I'm not sure how your proposal is better than the status quo in regard to enabling programmers to know where the agency files are. With the status quo, we centralized this so that agency.gov/data.json is the known place to grab the data, or latch on to a service like data.gov and query via API. Your proposal seems to complicate this with additional crawling needs and more schema information, however, if you could provide an example implementation maybe it will help me understand more accurately.

waldoj commented 11 years ago

Programmers will not likely attach to every agency to download and parse the files, index them themselves, in order to find data.

I can't see why not. It'd be trivial to loop through a list of every federal government website, grab the data.json file, and gather data from it. That's perhaps five minutes of work. More likely, though, people are going to get the data.json files from the few agencies that they're interested in or comprising the totality of datasets for the topic that they're interested in—every spending-related dataset, every geospatial dataset, etc. That's very simple under this plan.

Your alternate proposal (as I understand it; there's no pull request to evaluate) requires that, instead, developers query a series of different types of catalog files, varying between agencies, nested within an existing dataset, to even find out which datasets are available. I can't see why we wouldn't expose the entire list of datasets at a data.json level, including of course the specialized, existing metadata catalogs that you're describing, since they are their own dataset. Anybody who wants to browse those specific endpoints to get detailed information can do so, while those who are happy with the limited data provided within data.json don't need to do so.

As I've said before, the stated goal of this endeavor is to "produce a single catalog or list of data managed in a single table, workspace, or other relevant location". Putting some data behind a different protocol runs counter to this goal (the data then ceases to be "in a single table"), and erects a significant hurdle to anybody who wants to syndicate that data (requiring parsing n catalog formats, instead of just 1).

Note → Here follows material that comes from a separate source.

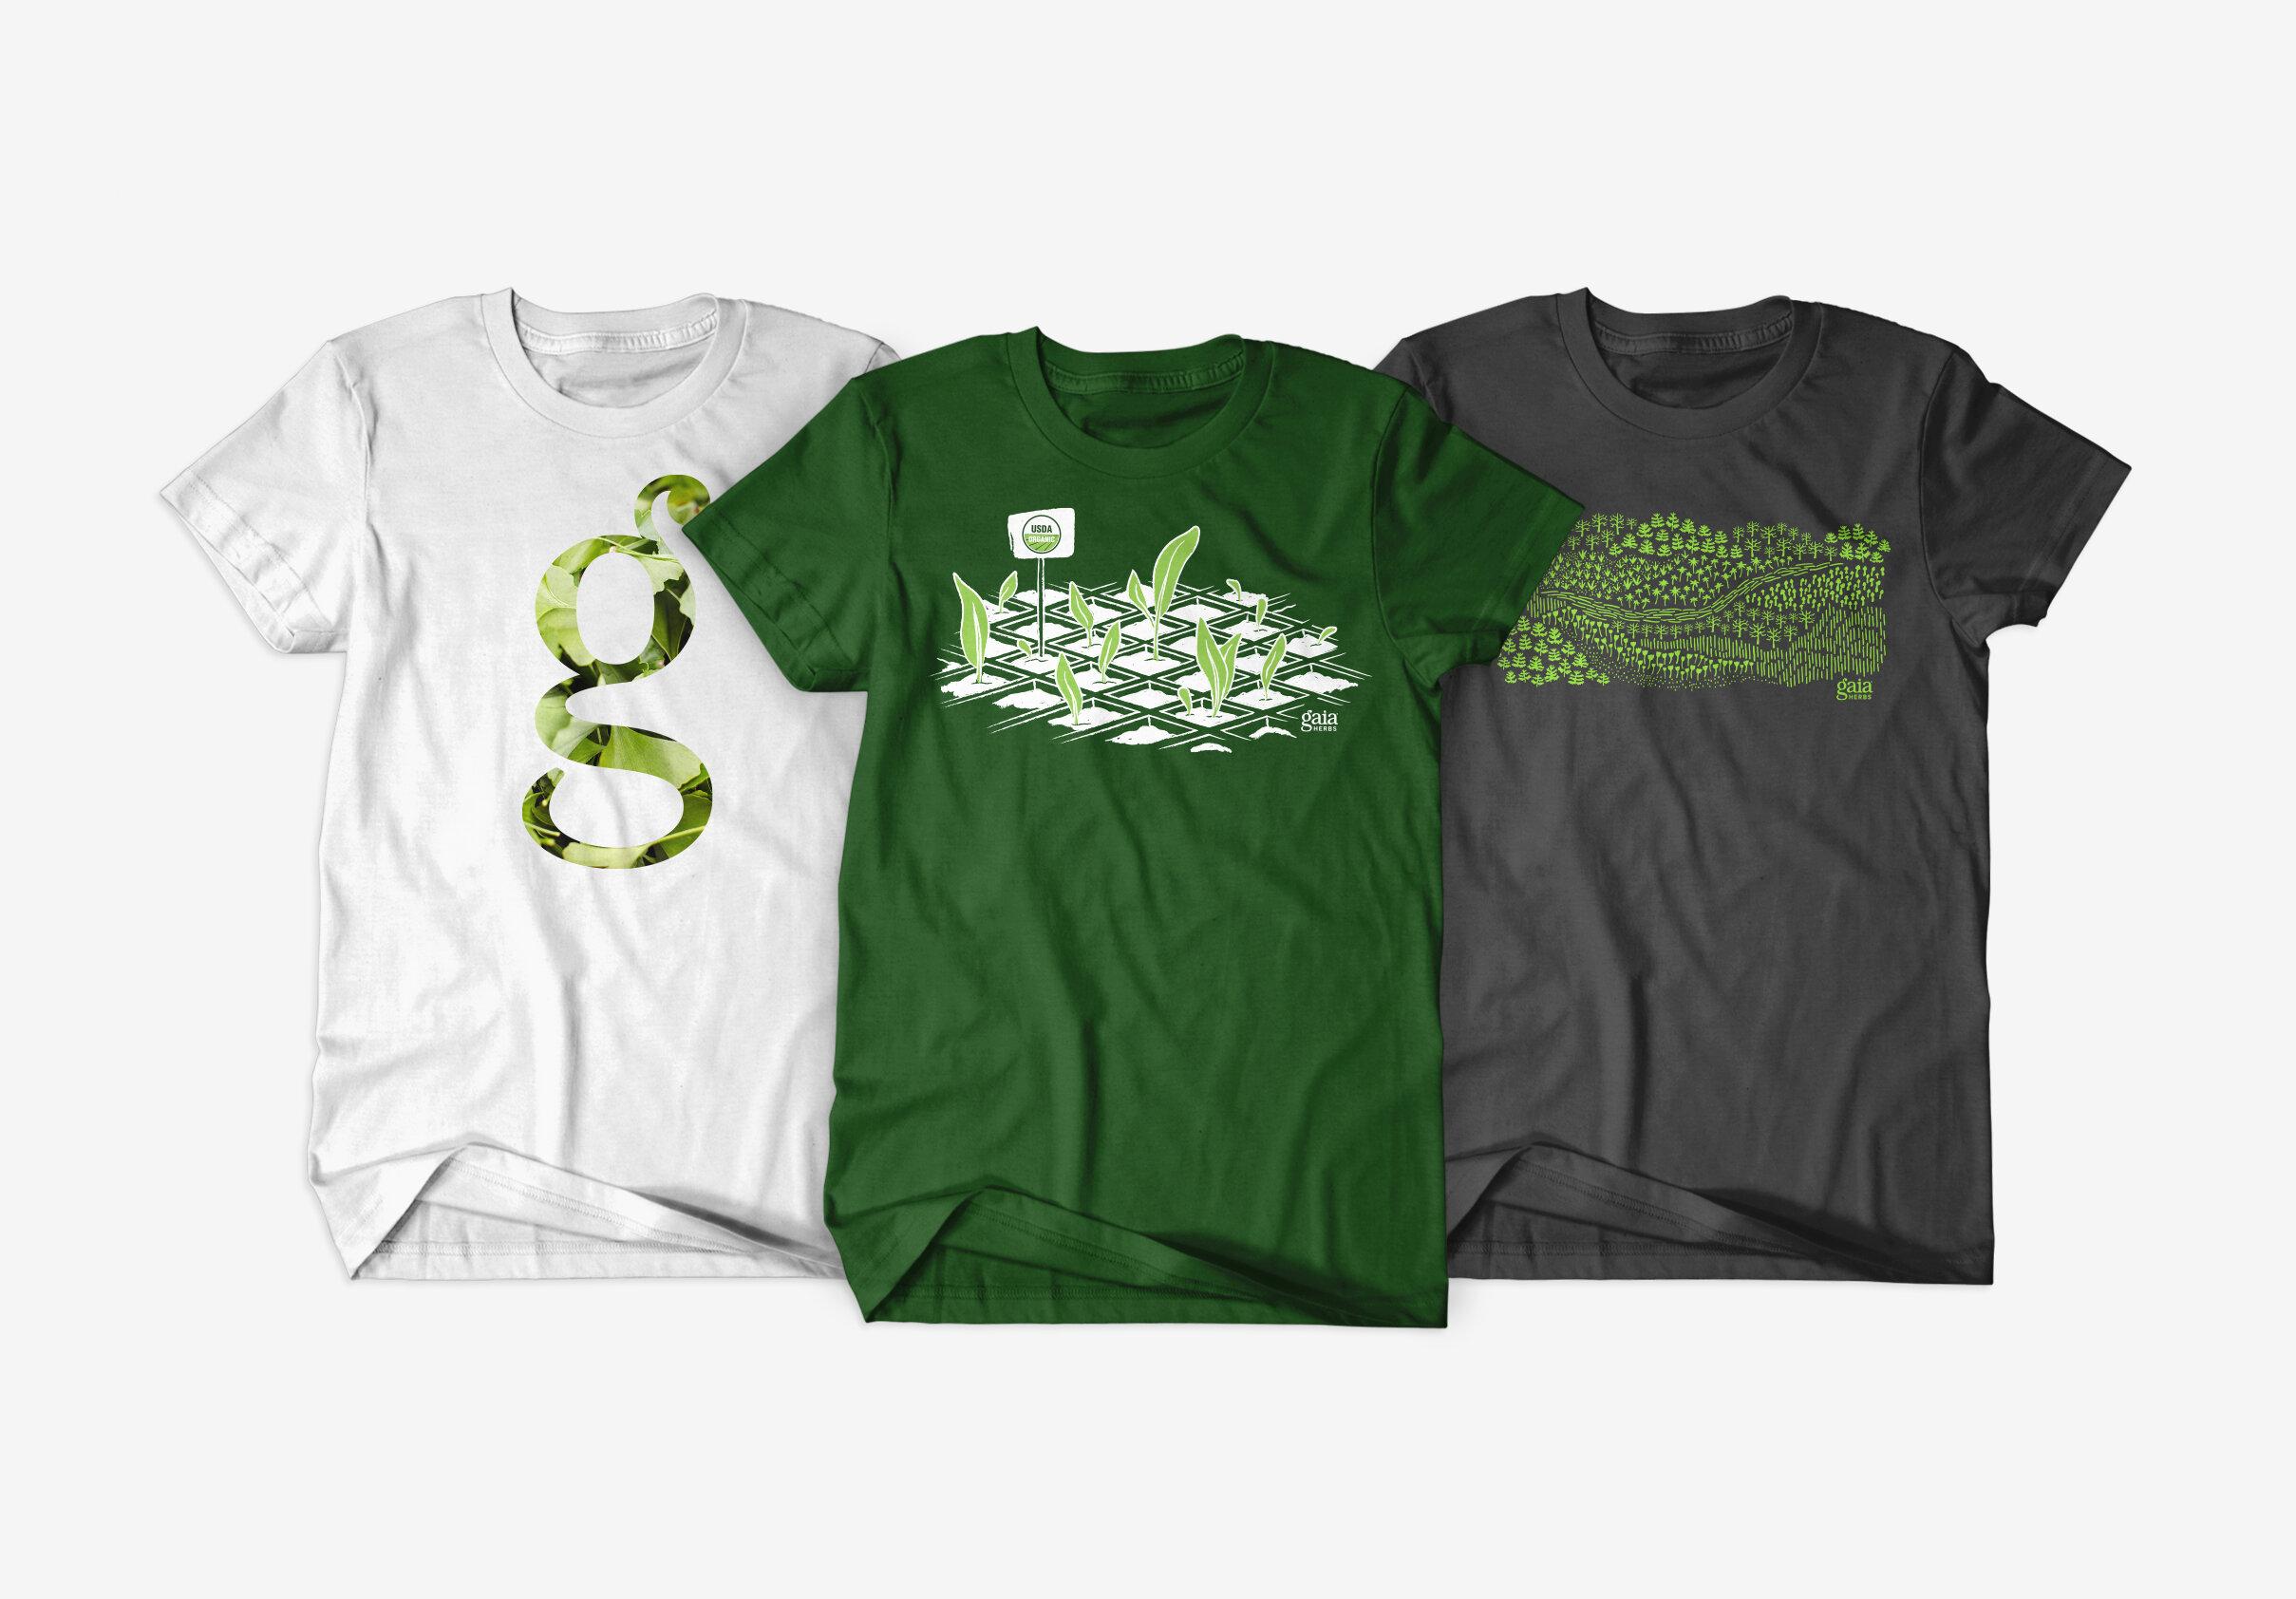 GaiaRebrand_Mockup_Tshirts.jpg

ddnebert commented 11 years ago

I made a pull request in May to amend the implementation document. There is no schema to change, only practice to codify: https://github.com/project-open-data/project-open-data.github.io/pull/4

My point is that there is already a robust open API on CKAN that enables query (search facets) using Lucene/Solr on all government data in catalog.data.gov. We always thought that the proposal for having JSON files was primarily to syndicate records for ingest into the catalog and search API. Compared to locating all the federal JSON files, indexing them yourself, and immediately being out-of-date, doesn't it make sense to use the existing search facilities and API? The CKAN harvester already knows how to parse all the json records and all the robust geospatial metadata. The result is a single searchable index - and actually, you could attach to and request a single collosal JSON file from CKAN if you wanted to, with common identical schema, or a subset for an agency. Or, you could use the open query API to do much more advanced things.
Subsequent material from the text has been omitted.